Качели времени. У времени в плену
Ну а когда действие обряда прекратил Саша… К тому времени мы были связаны им уже больше четырёх лет, поэтому мне показалось, будто просто‑напросто меня разорвало на части. Одна часть – это я сама, а вот другая была далеко‑далеко, на мацтиконской базе. Александр впоследствии признался мне, что испытывал примерно то же самое и в момент нашего рассоединения ощутил такую боль, что даже ненадолго потерял сознание.
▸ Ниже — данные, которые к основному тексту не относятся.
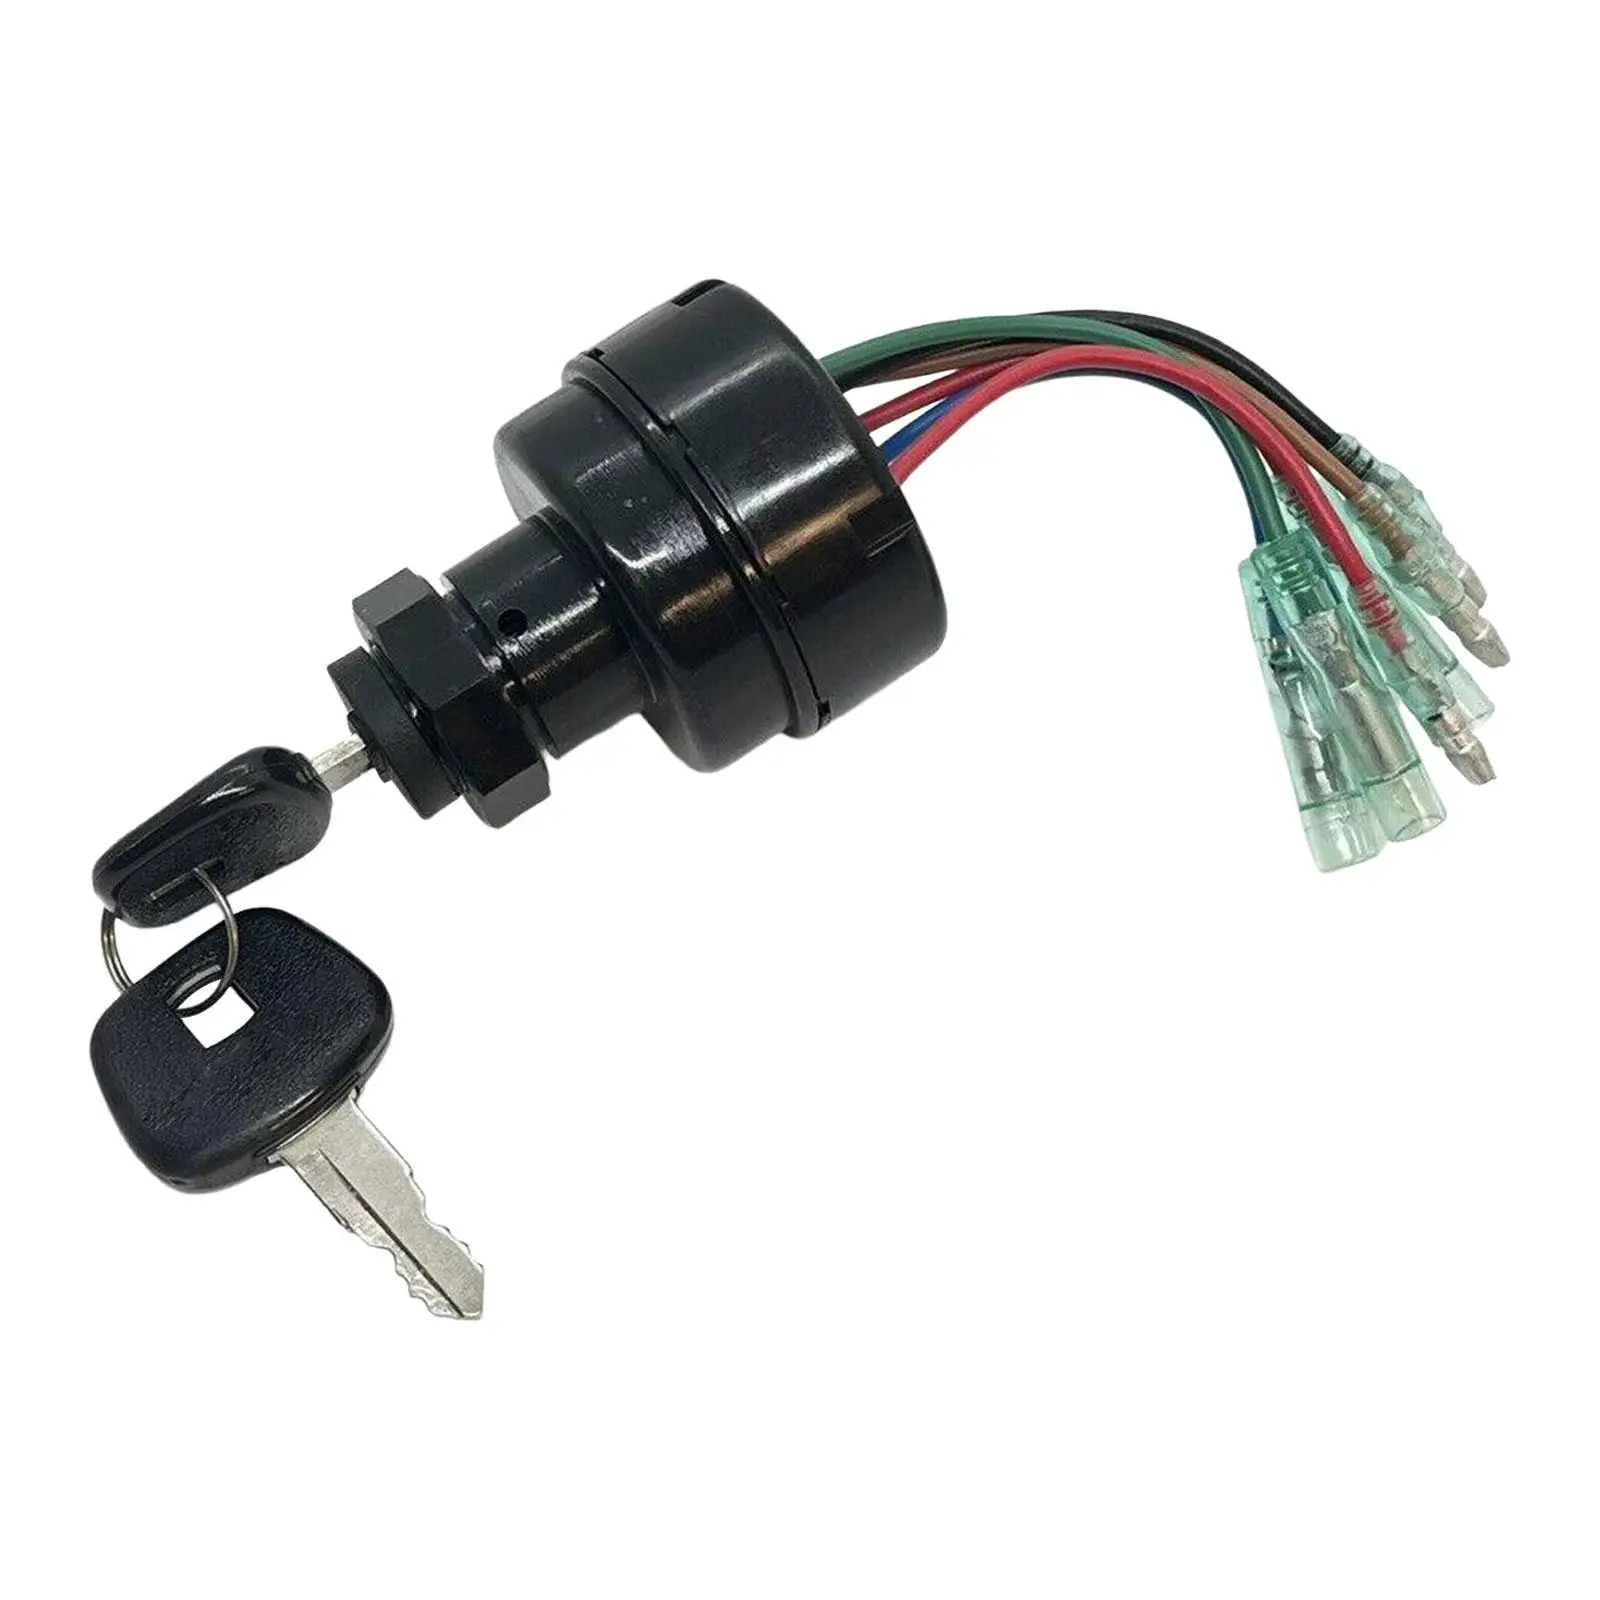 Ignition Switch 353-76020-3 for Outboard Remote Control Box for Tohatsu Replaces

А сознание он теряет вообще‑то очень редко и никогда из‑за боли.
Конечно, можно вспомнить, что именно в тот момент в мужа выстрелил мацтикон и заявить, что сознание он потерял именно из‑за этого. Но тут я бы поспорила. Дело в том, что во‑первых, выстрел получила ещё я, а значит боль и последствия – всё должно было достаться мне. А во‑вторых Дан объяснил, что во время применения мацтиконского оружия человек боли не испытывает, просто не успевает. Да и иного она характера должна быть, если вспомнить, что оружие мацтиконов мгновенно выжигает всё изнутри.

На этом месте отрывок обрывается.